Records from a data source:
※

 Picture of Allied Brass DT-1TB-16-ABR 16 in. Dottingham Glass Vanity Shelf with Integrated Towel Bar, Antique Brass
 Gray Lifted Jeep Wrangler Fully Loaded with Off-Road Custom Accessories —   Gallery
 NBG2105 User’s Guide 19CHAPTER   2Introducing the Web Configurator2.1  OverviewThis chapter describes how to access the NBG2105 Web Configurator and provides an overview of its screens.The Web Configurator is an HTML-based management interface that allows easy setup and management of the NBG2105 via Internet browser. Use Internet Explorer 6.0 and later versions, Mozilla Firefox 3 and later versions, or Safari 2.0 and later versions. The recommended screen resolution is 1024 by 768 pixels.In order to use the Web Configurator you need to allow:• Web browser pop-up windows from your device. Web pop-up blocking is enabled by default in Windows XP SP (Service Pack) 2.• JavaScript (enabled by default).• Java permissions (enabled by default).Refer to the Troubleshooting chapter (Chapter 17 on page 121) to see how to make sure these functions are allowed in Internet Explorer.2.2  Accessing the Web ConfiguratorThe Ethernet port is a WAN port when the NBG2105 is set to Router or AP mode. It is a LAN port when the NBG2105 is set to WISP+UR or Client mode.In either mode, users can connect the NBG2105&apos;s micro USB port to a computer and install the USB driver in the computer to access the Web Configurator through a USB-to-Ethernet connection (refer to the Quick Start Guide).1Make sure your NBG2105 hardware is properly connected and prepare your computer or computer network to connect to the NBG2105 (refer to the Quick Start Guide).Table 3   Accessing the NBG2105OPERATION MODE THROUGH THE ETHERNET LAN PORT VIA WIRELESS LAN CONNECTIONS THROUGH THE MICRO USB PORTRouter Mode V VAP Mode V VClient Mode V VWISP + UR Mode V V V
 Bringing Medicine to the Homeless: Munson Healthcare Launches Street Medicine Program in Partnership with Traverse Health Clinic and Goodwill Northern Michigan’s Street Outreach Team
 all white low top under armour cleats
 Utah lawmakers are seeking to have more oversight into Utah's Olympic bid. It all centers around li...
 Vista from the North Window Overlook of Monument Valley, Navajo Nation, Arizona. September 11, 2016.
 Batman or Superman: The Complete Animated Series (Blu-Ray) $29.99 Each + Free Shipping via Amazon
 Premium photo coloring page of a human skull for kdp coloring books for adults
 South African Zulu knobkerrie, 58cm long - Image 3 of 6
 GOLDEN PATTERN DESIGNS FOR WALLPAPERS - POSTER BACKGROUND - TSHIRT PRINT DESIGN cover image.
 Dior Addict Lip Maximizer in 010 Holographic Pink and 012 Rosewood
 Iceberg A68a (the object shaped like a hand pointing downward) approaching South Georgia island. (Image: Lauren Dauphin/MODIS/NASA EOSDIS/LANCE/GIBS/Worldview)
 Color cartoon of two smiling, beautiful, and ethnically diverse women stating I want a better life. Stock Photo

※

Exercise brief: Whatever the number of entries above, each one is to be copied exactly.

Solution to this exercise:
 Picture of Allied Brass DT-1TB-16-ABR 16 in. Dottingham Glass Vanity Shelf with Integrated Towel Bar, Antique Brass
 Gray Lifted Jeep Wrangler Fully Loaded with Off-Road Custom Accessories —   Gallery
 NBG2105 User’s Guide 19CHAPTER   2Introducing the Web Configurator2.1  OverviewThis chapter describes how to access the NBG2105 Web Configurator and provides an overview of its screens.The Web Configurator is an HTML-based management interface that allows easy setup and management of the NBG2105 via Internet browser. Use Internet Explorer 6.0 and later versions, Mozilla Firefox 3 and later versions, or Safari 2.0 and later versions. The recommended screen resolution is 1024 by 768 pixels.In order to use the Web Configurator you need to allow:• Web browser pop-up windows from your device. Web pop-up blocking is enabled by default in Windows XP SP (Service Pack) 2.• JavaScript (enabled by default).• Java permissions (enabled by default).Refer to the Troubleshooting chapter (Chapter 17 on page 121) to see how to make sure these functions are allowed in Internet Explorer.2.2  Accessing the Web ConfiguratorThe Ethernet port is a WAN port when the NBG2105 is set to Router or AP mode. It is a LAN port when the NBG2105 is set to WISP+UR or Client mode.In either mode, users can connect the NBG2105&apos;s micro USB port to a computer and install the USB driver in the computer to access the Web Configurator through a USB-to-Ethernet connection (refer to the Quick Start Guide).1Make sure your NBG2105 hardware is properly connected and prepare your computer or computer network to connect to the NBG2105 (refer to the Quick Start Guide).Table 3   Accessing the NBG2105OPERATION MODE THROUGH THE ETHERNET LAN PORT VIA WIRELESS LAN CONNECTIONS THROUGH THE MICRO USB PORTRouter Mode V VAP Mode V VClient Mode V VWISP + UR Mode V V V
 Bringing Medicine to the Homeless: Munson Healthcare Launches Street Medicine Program in Partnership with Traverse Health Clinic and Goodwill Northern Michigan’s Street Outreach Team
 all white low top under armour cleats
 Utah lawmakers are seeking to have more oversight into Utah's Olympic bid. It all centers around li...
 Vista from the North Window Overlook of Monument Valley, Navajo Nation, Arizona. September 11, 2016.
 Batman or Superman: The Complete Animated Series (Blu-Ray) $29.99 Each + Free Shipping via Amazon
 Premium photo coloring page of a human skull for kdp coloring books for adults
 South African Zulu knobkerrie, 58cm long - Image 3 of 6
 GOLDEN PATTERN DESIGNS FOR WALLPAPERS - POSTER BACKGROUND - TSHIRT PRINT DESIGN cover image.
 Dior Addict Lip Maximizer in 010 Holographic Pink and 012 Rosewood
 Iceberg A68a (the object shaped like a hand pointing downward) approaching South Georgia island. (Image: Lauren Dauphin/MODIS/NASA EOSDIS/LANCE/GIBS/Worldview)
 Color cartoon of two smiling, beautiful, and ethnically diverse women stating I want a better life. Stock Photo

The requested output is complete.